In this command, netobserv must match the value of .spec.namespace in the FlowCollector configuration.

If you use a different namespace in the FlowCollector configuration, replace netobserv in the command accordingly.

Create a FlowCollector Instance

Before creating the FlowCollector instance, confirm that:

  • The ClickHouse server is reachable from the cluster
  • The ck-auth secret exists in the namespace specified by .spec.namespace
  • The ClickHouse address, database, and credentials are correct

Then create the FlowCollector instance:

  1. Navigate to the All Instances page and click Create.

  2. In the pop-up dialog, click Create in the FlowCollector section.

  3. In the Create FlowCollector page, click YAML on the top right corner to switch to YAML editing mode.

  4. Edit the YAML file as needed and click Create to create the FlowCollector instance.

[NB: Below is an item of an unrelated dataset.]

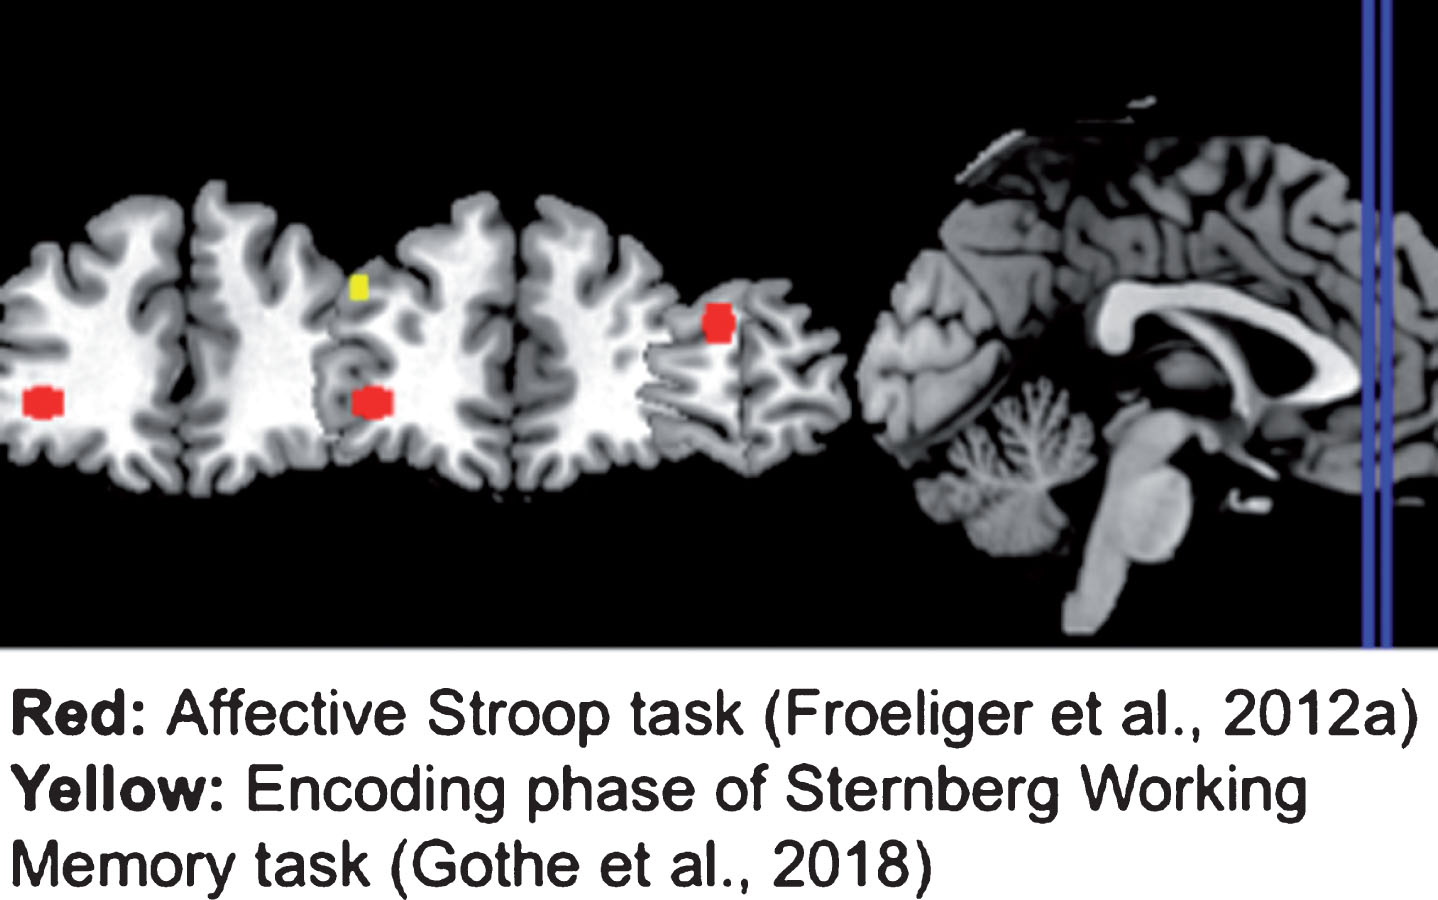 Brain regions showing differential task-related activation in yoga-practitioners. Yoga practitioners showed less activation than non-practitioners in the left dorsolateral prefrontal cortex during the encoding phase of a Sternberg Working Memory task (yellow). Yoga practitioners also showed less activation than non-practitioners in the right dorsolateral prefrontal cortex and right superior frontal gyri, but more activation in the left ventrolateral prefrontal cortex during various aspects of an Affective Stroop task (red). All regions shown were created by making a 5 mm sphere around the coordinates provided in the studies reviewed.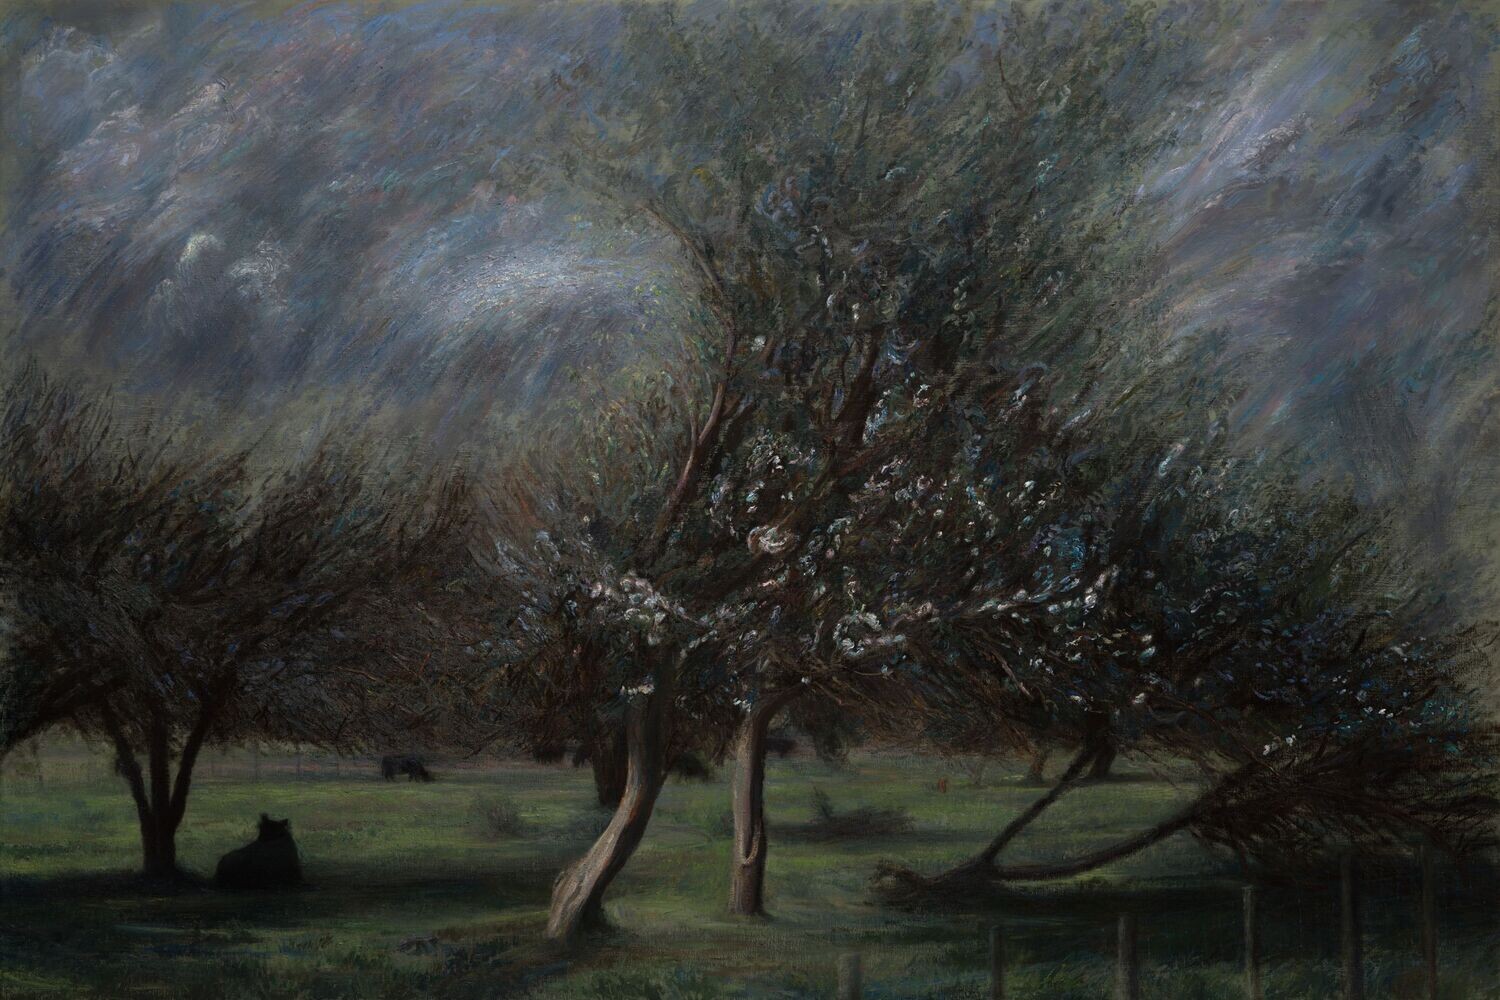 Dark Silhouettes in An Orchard Grove

Example FlowCollector YAML:

apiVersion: flows.netobserv.io/v1beta2
kind: FlowCollector
metadata:
  name: cluster
spec:
  agent:
    ebpf:
      features:
        - DNSTracking
        - FlowRTT
        - PacketTranslation
        - TLSTracking
      metrics:
        enable: false
      sampling: 50
    type: eBPF
  clickhouse:
    addresses:
      - clickhouse-netobserv.cpaas-system.svc.cluster.local:9000
    authSecret:
      name: ck-auth
    database: netobserv
    enable: true
    protocol: native
    readTimeout: 30s
    retention: 24h
    writeBatchSize: 128
    writeBatchWait: 1s
    writeTimeout: 10s
  deploymentModel: Service
  namespace: netobserv
  processor:
    consumerReplicas: 1
    logTypes: Flows
    service:
      tlsType: Disabled
  1. Enabled features of the eBPF agent.
  2. Sampling interval of the eBPF probe. A value of 100 means that 1 out of every 100 packets is sampled. A value of 0 or 1 means that all packets are sampled.
  3. ClickHouse server addresses. Use the host:port format. These addresses can point to a ClickHouse instance created in the cluster or to an existing external ClickHouse server.
  4. ClickHouse authentication secret. The secret MUST contain two keys: username and password. The secret must be created in the same namespace specified by .spec.namespace.
  5. Database name in ClickHouse for storing flow logs. If the database does not exist, it is created automatically.
  6. Data retention period in ClickHouse. Use a number followed by a time unit, for example 24h. This setting takes effect only when the ClickHouse table is created.
  7. Namespace where the eBPF agents and the flow logs pipeline are deployed.
  8. Number of replicas for the flow logs pipeline.

If you are using an existing ClickHouse server, make sure that the FlowCollector can reach the server address and that the referenced secret contains valid credentials.

After the FlowCollector instance is created, the eBPF agents and the flow logs pipeline are deployed to the namespace specified by .spec.namespace.